A pesar de la polarización política que atraviesa Costa Rica —donde un tercio de la población respaldó la continuidad del gobierno, otro tercio la rechazó y el tercio restante dejó de votar—, los niveles de convivencia democrática siguen siendo relativamente altos.
Así lo determinó la más reciente encuesta del Centro de Investigación y Estudios Políticos de la Universidad de Costa Rica (CIEP-UCR), publicada este mes de mayo.
El centro académico entrevistó a 1.005 personas, entre el 20 y el 29 de abril, para un margen de error de solo 3 puntos porcentuales.
En este artículo, le mostramos los principales resultados del estudio.

¿Incómodos?
Ya sean parejas, familiares, amistades, vecinos, compañeros de trabajo o jefes, entre un 53,2% y un 58,8% de las personas dicen sentirse cómodas compartiendo con personas que apoyan a otro partido político. En contraste, entre un 12,5% y un 14,6% mencionan sentirse incómodos en esos escenarios.
En el medio, queda cerca de una tercera parte de la población que dice no sentirse “ni cómoda ni incómoda”.
Para el CIEP-UCR, los resultados reflejan niveles de convivencia superiores a los observados en contextos más polarizados como Estados Unidos.
“La ciudadanía costarricense muestra niveles elevados de comodidad”, concluyó el informe de resultados, “mostrando una baja distancia política entre las personas con actitudes y comportamientos políticos divergentes”.
Chavismo menos tolerante
Aunque los datos generales son positivos, la encuesta sí detectó diferencias importantes entre grupos políticos.
Las personas afines al oficialismo del expresidente Rodrigo Chaves y de la actual presidenta Laura Fernández muestran una menor disposición a conversar con quienes votaron distinto.
Mientras solo un 19,5% de las personas que votaron a la oposición respondieron sentirse incómodas hablando con alguien que votó diferente, el porcentaje sube hasta un 34,7% —una de cada tres personas— entre quienes respaldaron al gobierno.
Este fenómeno podría estar relacionado, al menos en parte, con una menor tolerancia hacia la crítica política entre las personas afines al oficialismo.
Hasta un 44,2% de las personas que valoran positivamente la gestión de Chaves consideran que ”no está bien que critiquen la gestión del mandatario porque le hace daño al país".
Entre los opositores, la cifra cae a un 14,4%; mientras que el promedio general es de un 35,2% en todo el país.
Además, aunque un 63,6% de las personas que valoran positivamente al gobierno de Chaves considera que es positivo para el país criticar a cualquier presidente, el número cae considerablemente (casi 8 puntos porcentuales) cuando se dirige específicamente al exmandatario y actual ministro de la Presidencia y Hacienda.

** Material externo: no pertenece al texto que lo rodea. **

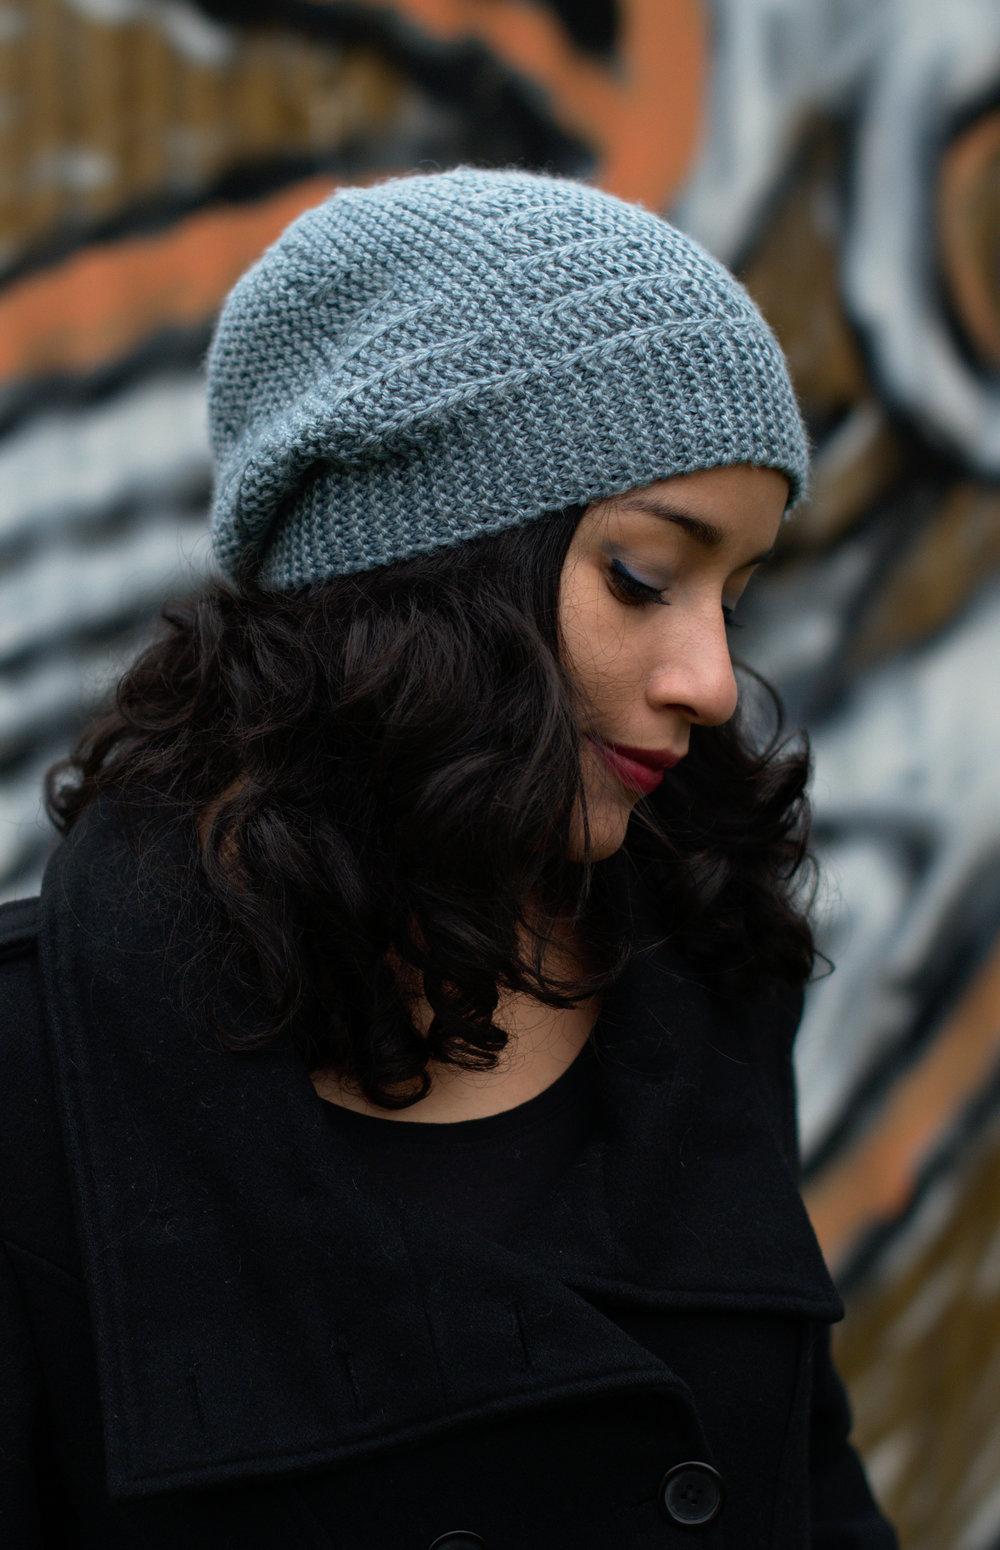 Ruschia sideways knit hand knitting pattern for hand dyed aran weight wool yarn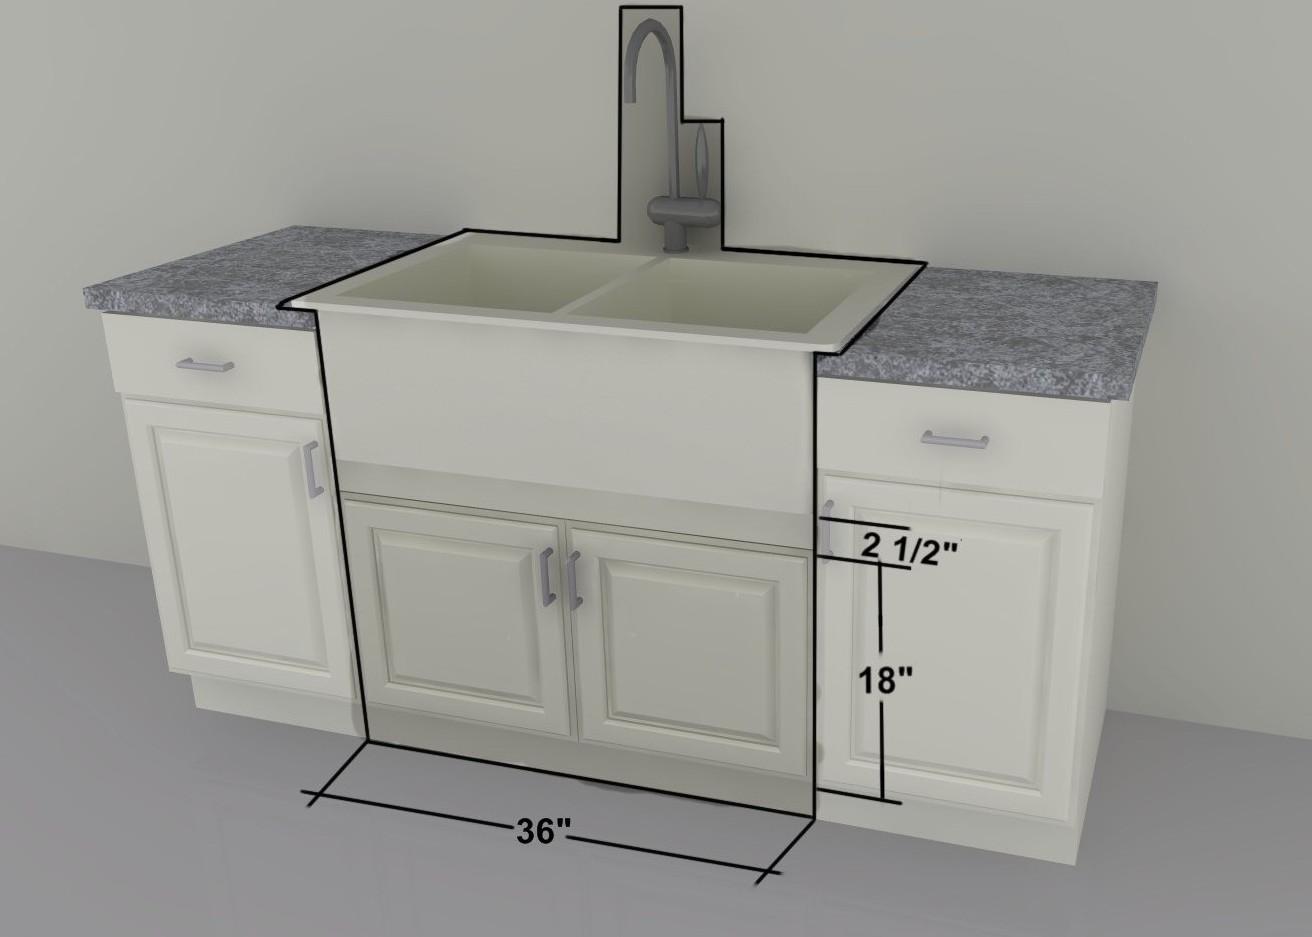 ikea custom cabinets 36 farm sink or gas cooktop units 36 kitchen sink IKEA custom cabinets 36 farm sink or gas cooktop units

“Es decir, quienes aprueban su gestión muestran menor disposición a tolerar las críticas dirigidas hacia él”, redactaron los investigadores en el informe de resultados; quienes lo plantearon como un claro “sesgo de lealtad en la percepción de la crítica política”.
La gran advertencia
Los datos relacionados con el chavismo no son del todo sorpresivos. El propio Chaves ha impulsado un contexto de confrontación política con la oposición y las instituciones de control, en busca de posicionarse como la única alternativa a la política tradicional costarricense.
Dicha estrategia, coinciden múltiples investigadores, ha sido exitosa a la hora de conceder popularidad al expresidente y a su movimiento político.
El discurso confrontativo se convirtió en una de las principales marcas políticas del chavismo durante sus años en el poder. Las críticas y los ataques contra partidos tradicionales, medios de comunicación, universidades públicas, diputados, jueces y órganos de control fueron constantes y ayudaron a construir una narrativa de enfrentamiento entre el oficialismo y el sistema.
A pesar de ese contexto, los datos sugieren que la polarización todavía no rompe del todo la convivencia cotidiana entre los costarricenses. La mayoría sigue dispuesta a convivir con personas que piensan distinto, incluso en espacios íntimos.
No obstante, la encuesta también deja una advertencia clara: la tolerancia democrática parece disminuir cuando la discusión gira en torno a líderes fuertes y con identidades emocionalmente bien definidas como el caso de Rodrigo Chaves, quien seguirá ocupando un lugar central dentro del gobierno de Laura Fernández.